Macrophage-colony-stimulating factor (CSF-1) induces proliferation, chemotaxis, and reversible monocytic differentiation in myeloid progenitor cells transfected with the human c-fms/CSF-1 receptor cDNA.

J H Pierce 1, E Di Marco 1, G W Cox 1, D Lombardi 1, M Ruggiero 1, L Varesio 1, L M Wang 1, G G Choudhury 1, A Y Sakaguchi 1, P P Di Fiore 1, et al.
PMCID: PMC54377  PMID: 2165597

Abstract

The c-fms protooncogene encodes the receptor for macrophage-colony-stimulating factor (CSF-1). Expression vectors containing either normal or oncogenic point-mutated human c-fms genes were transfected into interleukin 3 (IL-3)-dependent 32D cells in order to determine the effects of CSF-1 signaling in this murine clonal myeloid progenitor cell line. CSF-1 was shown to trigger proliferation in association with monocytic differentiation of the 32D-c-fms cells. Monocytic differentiation was reversible upon removal of CSF-1, implying that CSF-1 was required for maintenance of the monocyte phenotype but was not sufficient to induce an irrevocable commitment to differentiation. Human CSF-1 was also shown to be a potent chemoattractant for 32D-c-fms cells, suggesting that CSF-1 may serve to recruit monocytes from the circulation to tissue sites of inflammation or injury. Although c-fms did not release 32D cells from factor dependence, point-mutated c-fms[S301,F969] (Leu-301----Ser, Tyr-969----Phe) was able to abrogate their IL-3 requirement and induce tumorigenicity.

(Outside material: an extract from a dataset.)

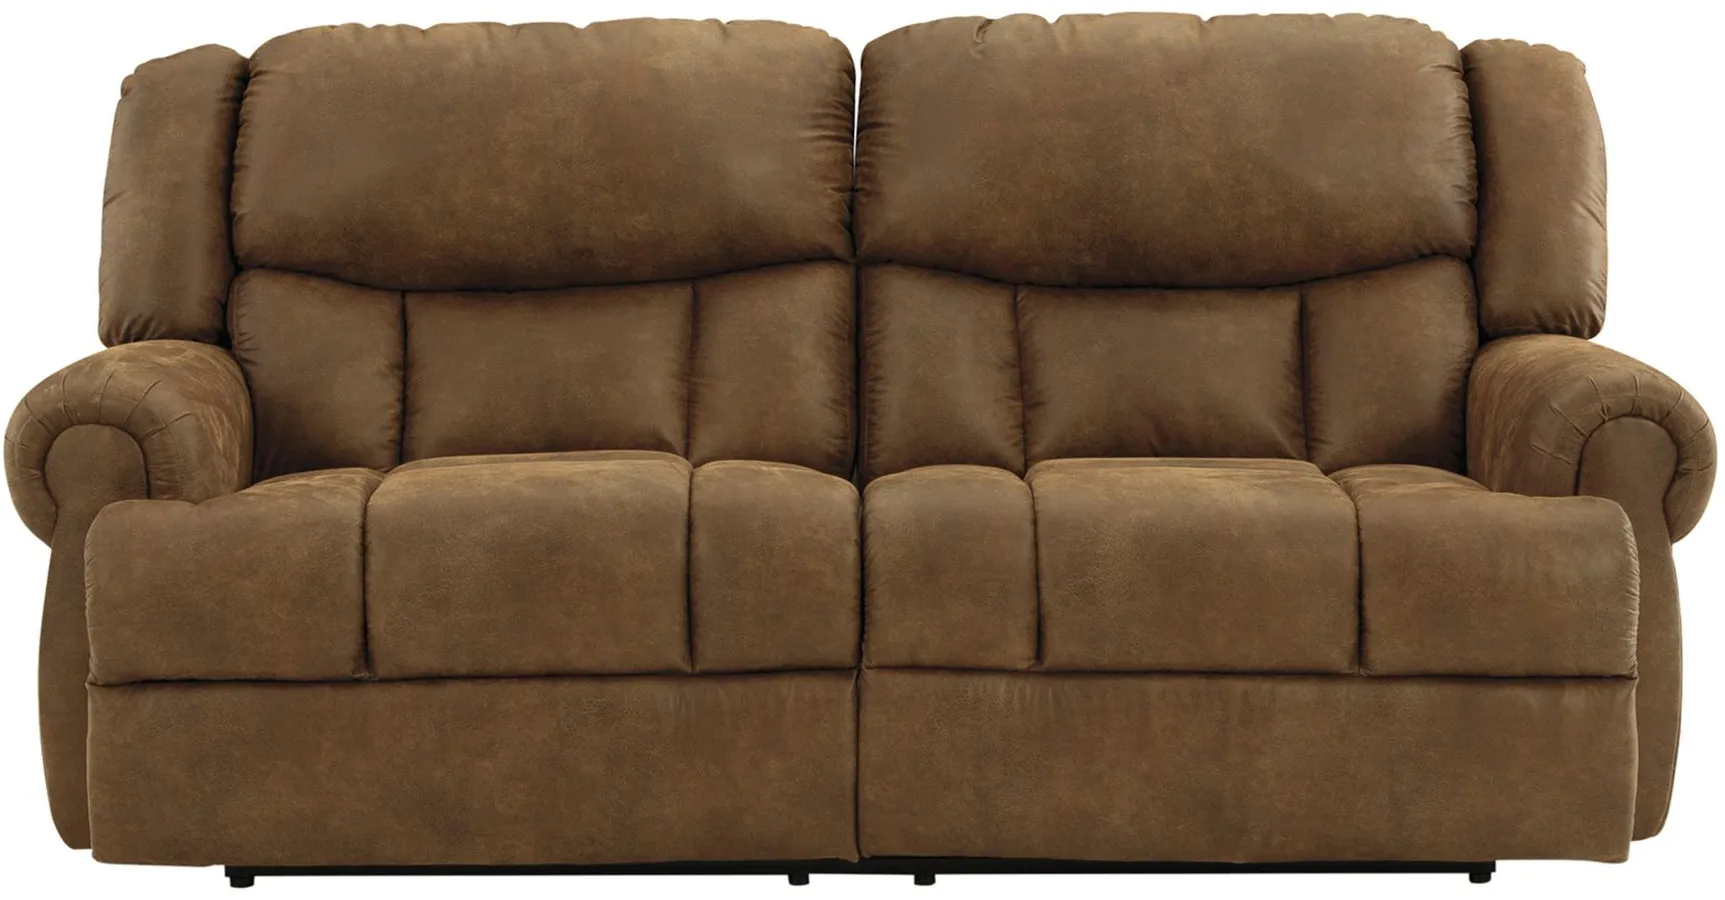 Boothbay Reclining Sofa in Auburn by Ashley Furniture

IL-3-independent 32D-c-fms[S301,F969] cells also displayed a mature monocyte phenotype, implying that differentiation did not interfere with progression of these cells to the malignant state. All of these findings demonstrate that a single growth factor receptor can specifically couple with multiple intracellular signaling pathways and play a critical role in modulating cell proliferation, differentiation, and migration.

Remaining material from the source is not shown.